**Problem description:**
Only the lines from the one containing "Sonoran desert trail" to the end of the listing below should be returned, exactly as written and without pictures.

**Data shown:**
◆ ◆ ◆ ◆ ◆ ◆ ◆

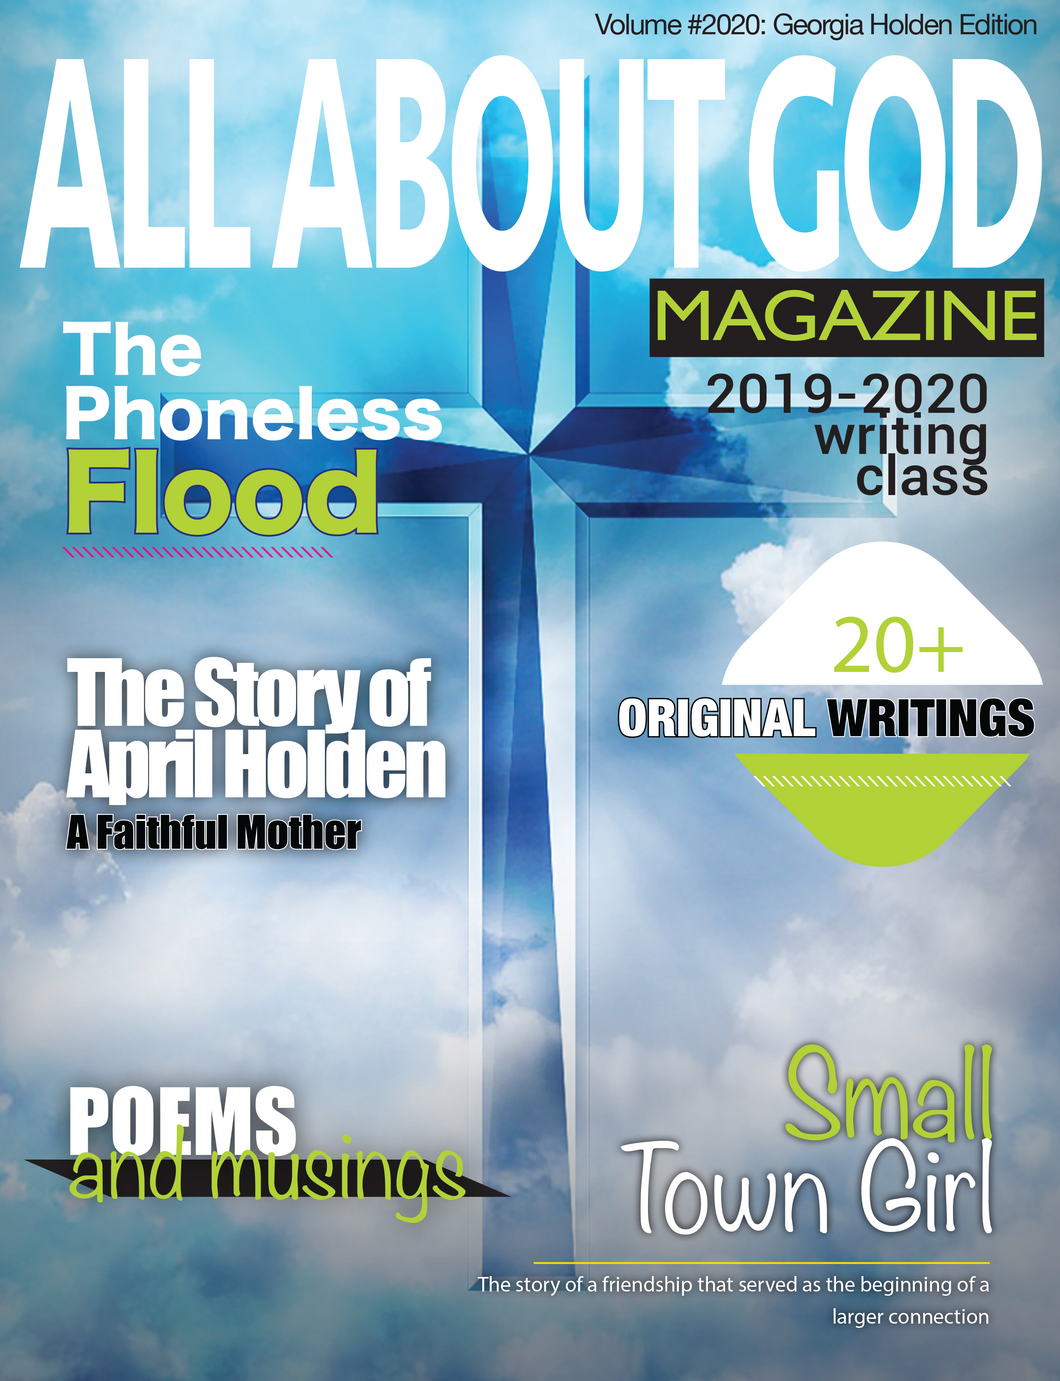 All About God Magazine: Volume #2020: Georgia Holden Edition
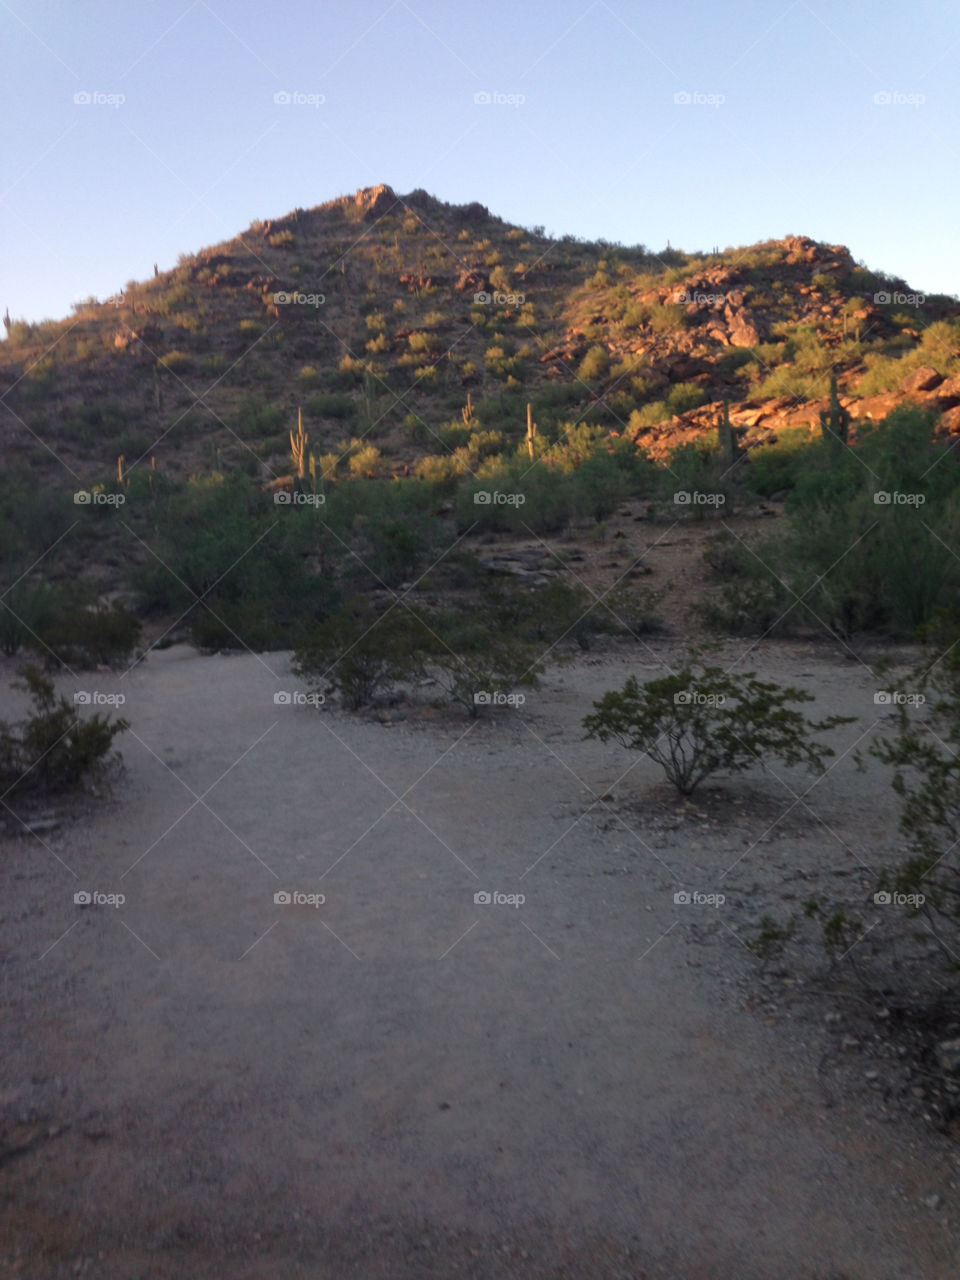 Sonoran desert trail
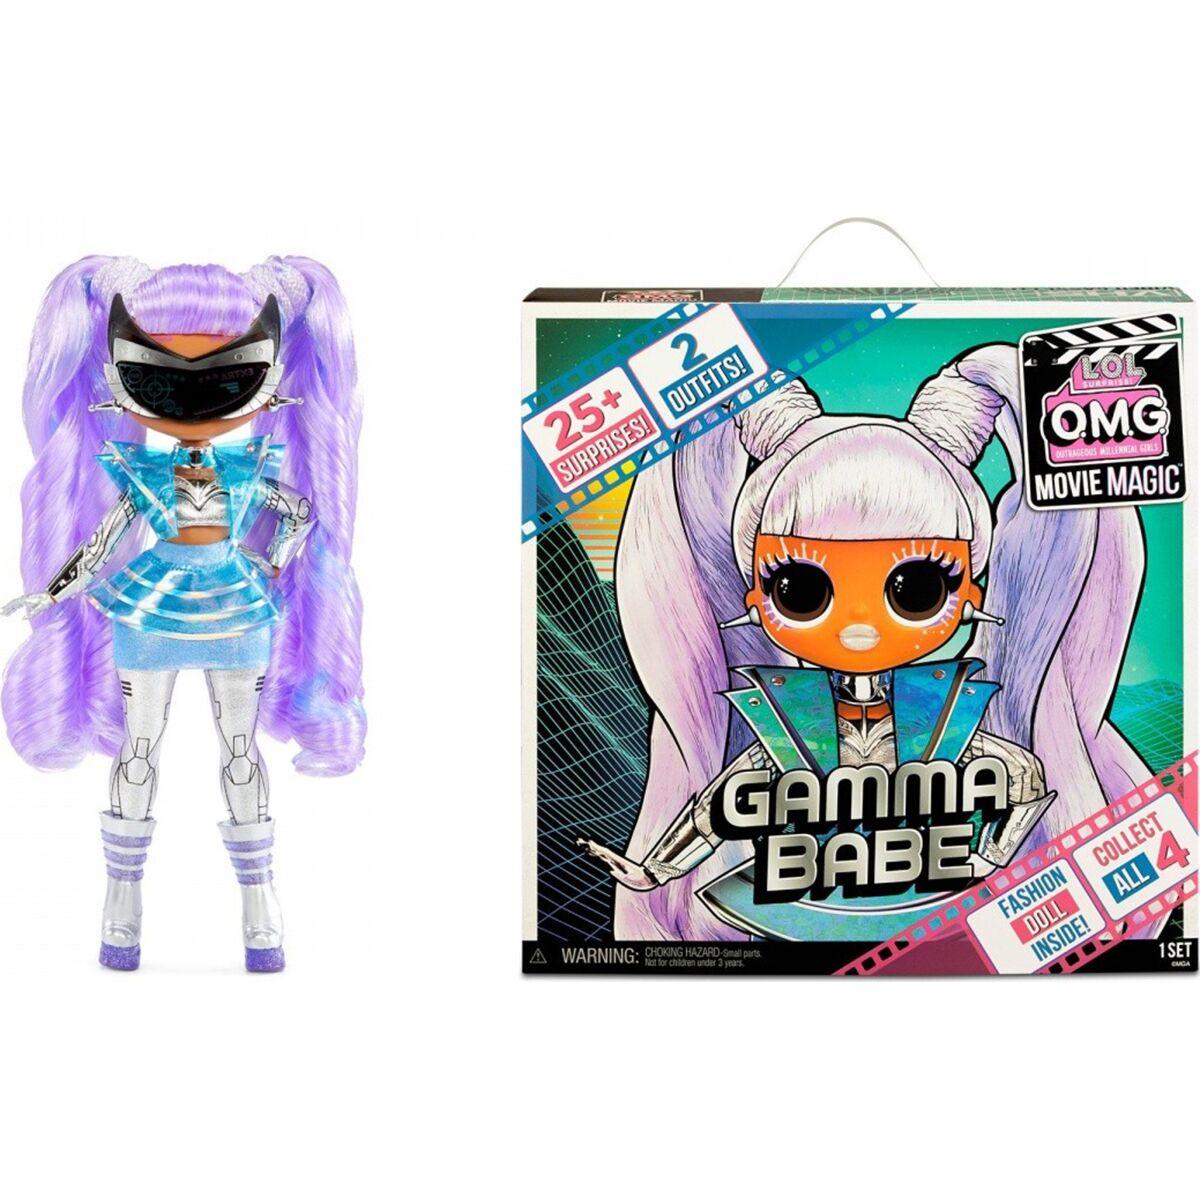 L.O.L.: Surprise Кукла OMG Movie Magic Doll- Gamma Babe

◆ ◆ ◆ ◆ ◆ ◆ ◆

**Solution to this exercise:**
 Sonoran desert trail
 L.O.L.: Surprise Кукла OMG Movie Magic Doll- Gamma Babe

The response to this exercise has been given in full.